** What you need to do **
From the first line to the last, set down the material exactly and drop every picture.

** Stored data **
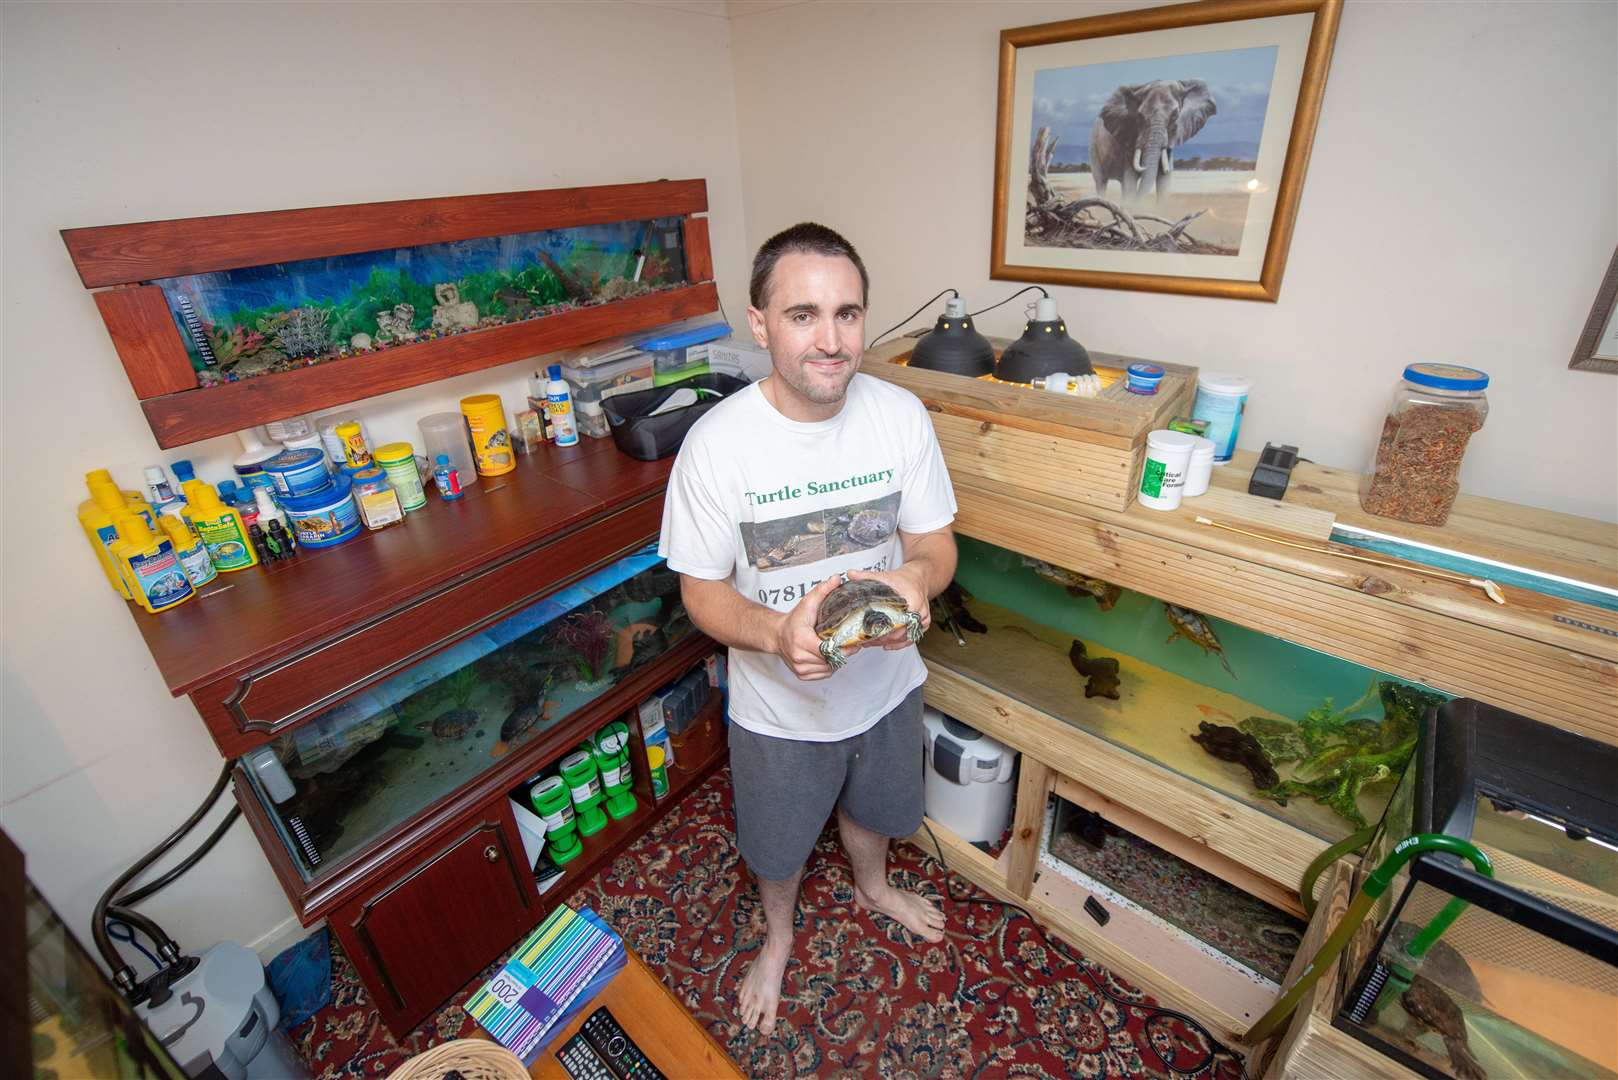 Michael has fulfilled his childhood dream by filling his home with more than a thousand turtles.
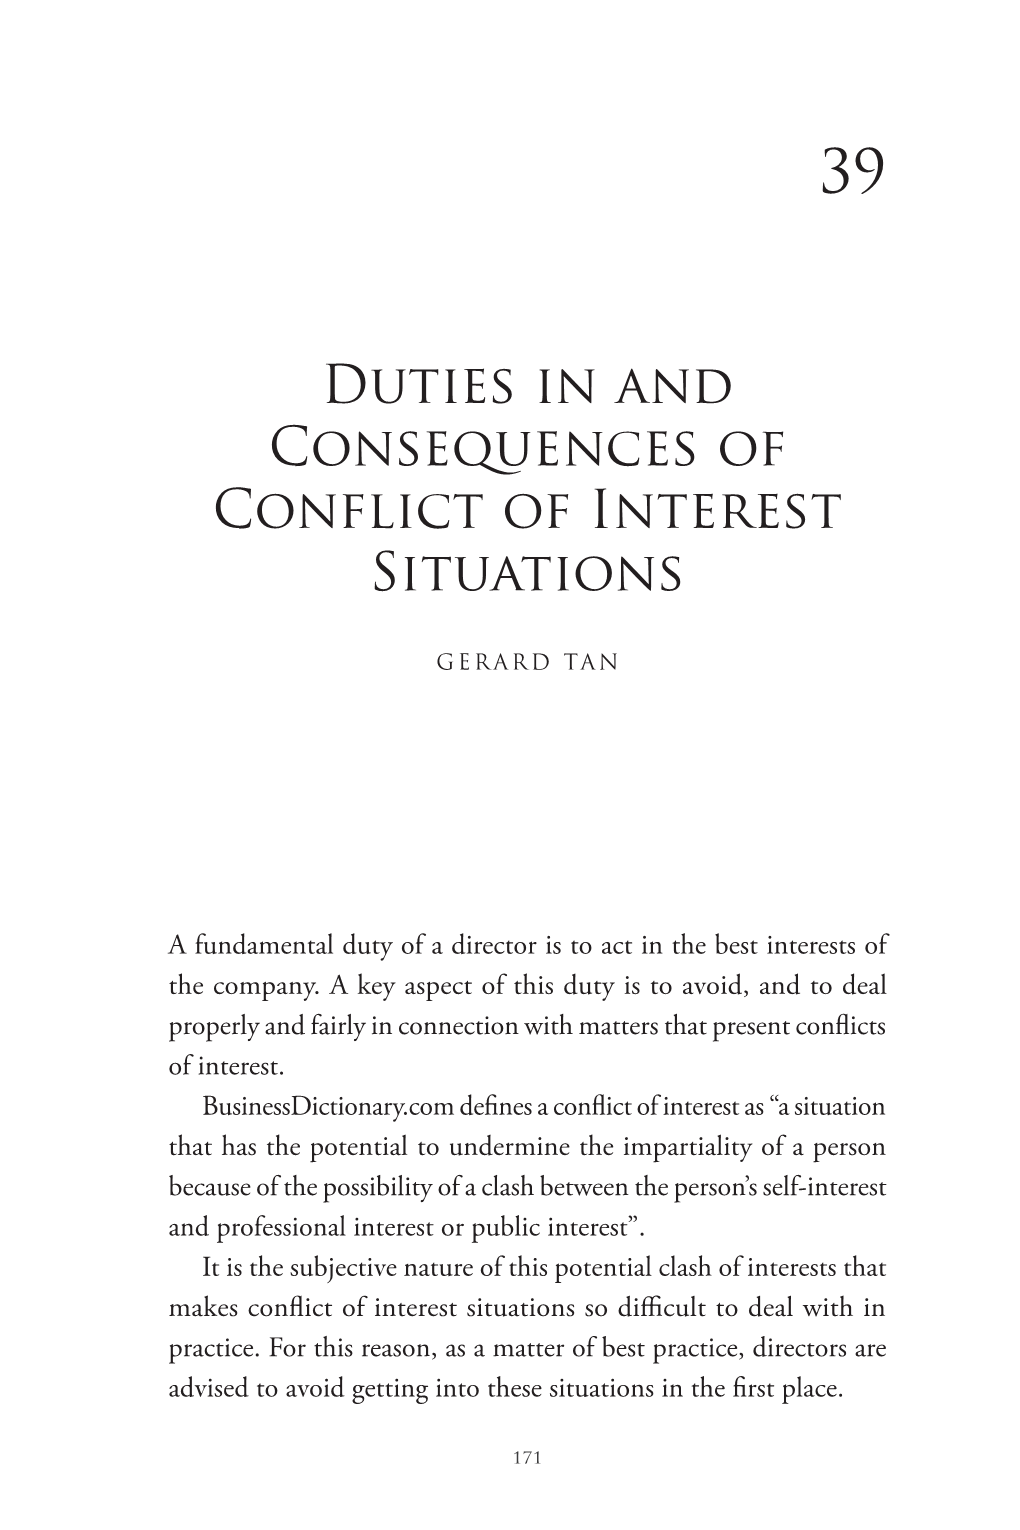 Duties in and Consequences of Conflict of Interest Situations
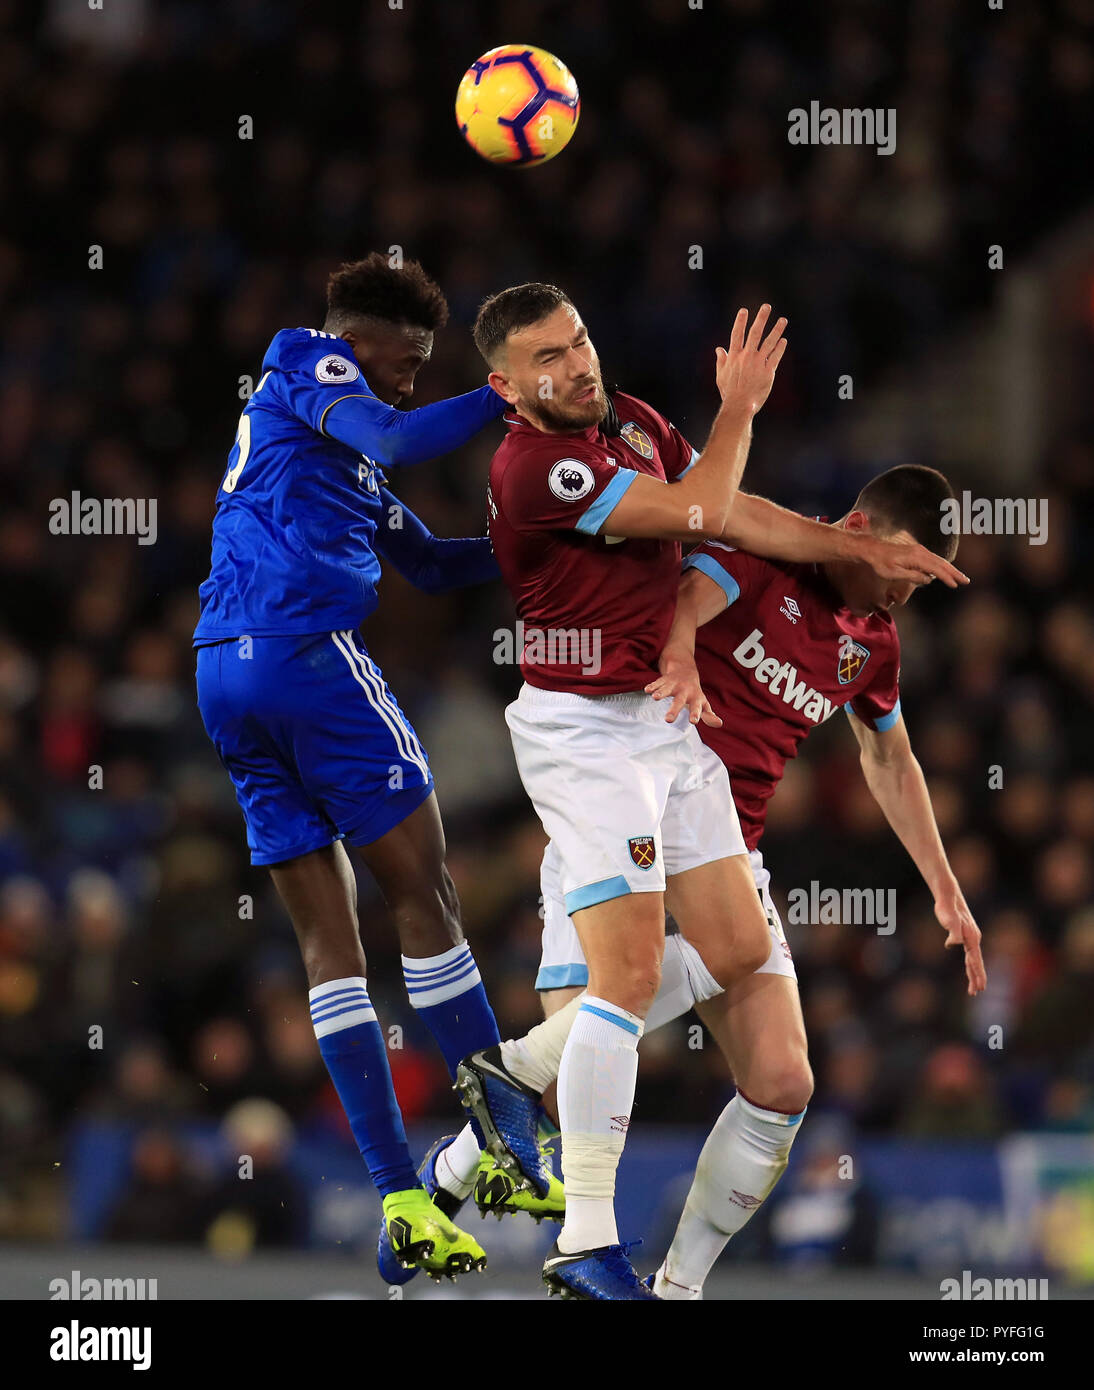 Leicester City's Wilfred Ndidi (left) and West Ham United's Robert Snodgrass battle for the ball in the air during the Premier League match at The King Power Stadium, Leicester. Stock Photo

** Exercise output **
 Michael has fulfilled his childhood dream by filling his home with more than a thousand turtles.
 Duties in and Consequences of Conflict of Interest Situations
 Leicester City's Wilfred Ndidi (left) and West Ham United's Robert Snodgrass battle for the ball in the air during the Premier League match at The King Power Stadium, Leicester. Stock Photo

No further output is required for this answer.